Tobacco remains an important but diminishing cash crop in the county, and as such, much research still takes place on the crop.
“North Carolina is still the largest tobacco-producing state, and still plays a very vital economic role in our state,” Rathbone said. “You don’t think about it, but farmers in Haywood County are in direct competition with growers in Brazil or Malawi or Mexico.”
In addition to perfecting the cultivation of old mainstays like tomatoes and tobacco, Rathbone’s got a new crop this year — one that hasn’t (legally) been planted in Haywood County in five decades or more.
“In the last farm bill there was a provision that allowed states to establish a research program for industrial hemp, state by state. Kentucky was one of the first ones and they’ve had it going for a while,” Rathbone said. “In North Carolina, I believe it was last year the General Assembly passed authorization for our state to form the Industrial Hemp Commission which was charged with the task of establishing a research program.”
A small crop of hemp seedlings — with tiny sawtoothed leaves — now dots the persimmon-colored soil at MRS.
“It’s very strict,” Rathbone said. “I had to send in the GPS coordinates on this particular field. If I were to grow hemp in a field right over there, it would be just like growing marijuana — it would be illegal.”
Rathbone’s hemp contains a very low amount of THC — the active ingredient in cannabis that produces the “high” — and can’t be used recreationally.
But it can be used for all manner of fibrous products, from paper to rope, and would be a rarity in the horticultural world — it’s not often a new crop makes an appearance in a farmer’s field.

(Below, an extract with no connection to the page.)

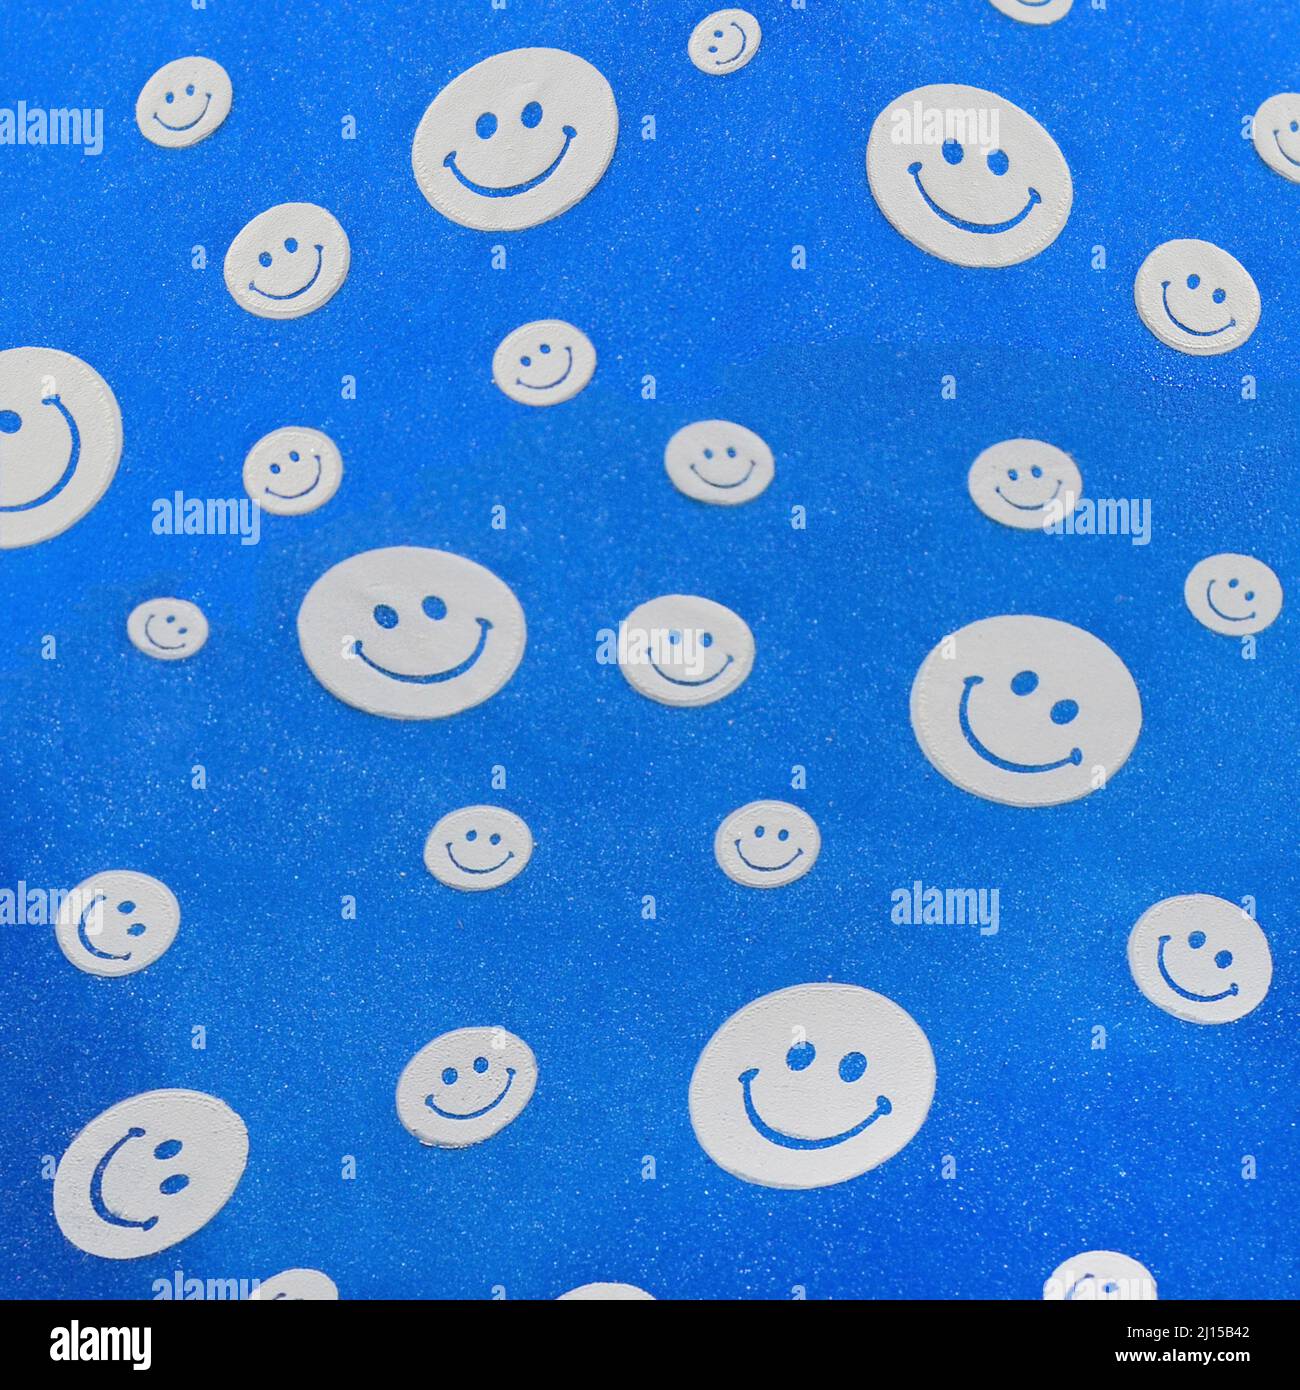 Photo background with happy smileys colorful. Smiling emoticons on blue background Stock Photo
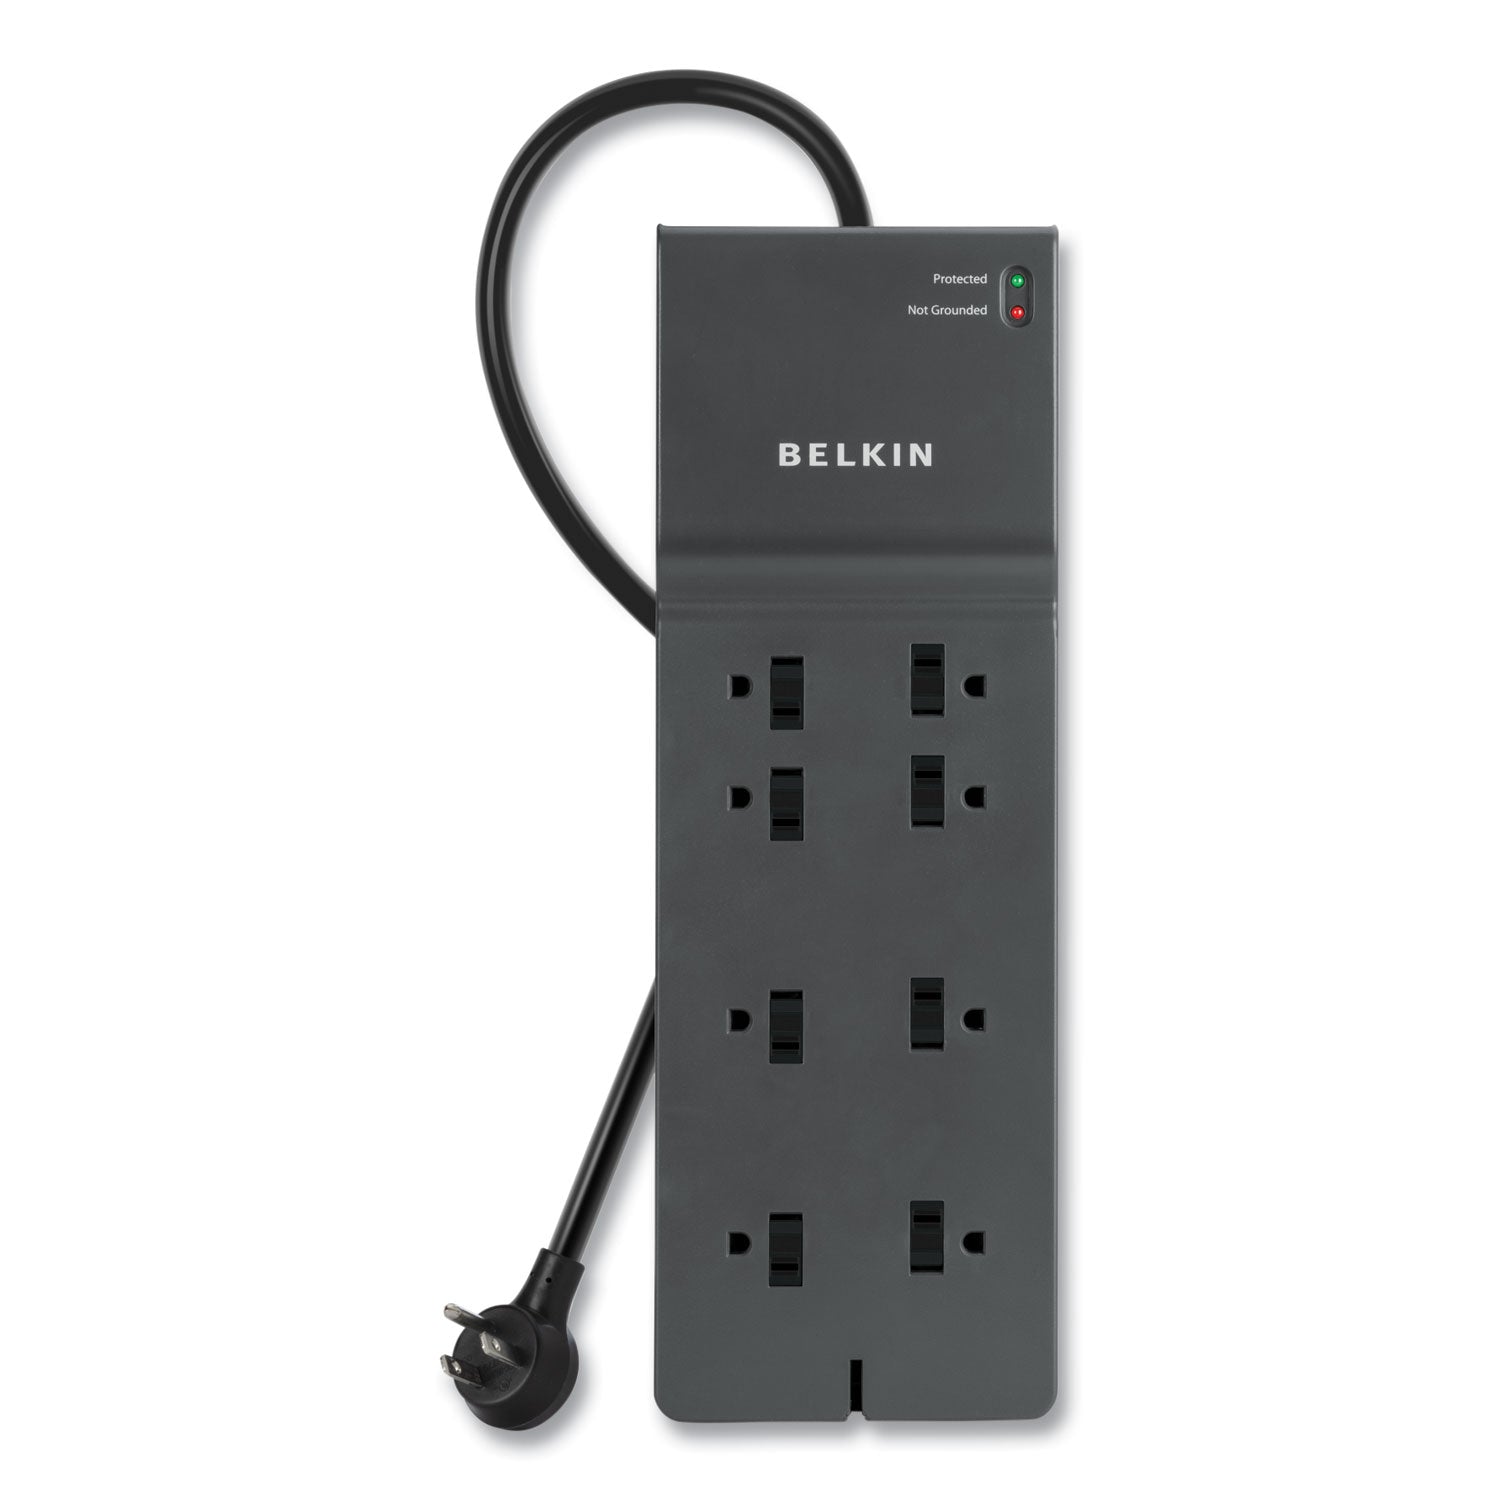 home-office-surge-protector-8-ac-outlets-8-ft-cord-2500-j-black_blkbe10800008cm - 1

Research at the MRS — which generates 70 percent of its yearly revenue from its own sales — can take anywhere from 5 to 15 years to finally reach consumers, but the industrial hemp has much further to go; Rathbone said that due to its illegality, it’s missed out on more than half a century of research that has benefitted other plants like tomatoes and corn.
“We don’t even know what soil pH is best,” he said.
As producers and growers in Haywood County look to the future of the industry, the biggest problems appear on a global and national scale; last spring, Haywood County Farm Bureau President Don Smart said that the major challenges in the industry aren’t pests or rainfall, but health care and immigration — specifically finding enough workers.
But with support from Rathbone’s MRS, Canton’s livestock center and Masciarelli’s Buy Haywood program, those local producers have all the encouragement they need to continue growing the greens.
“We can confidently say that we’ve helped boost sales,” Masciarelli said. “The anecdotes are overwhelming.”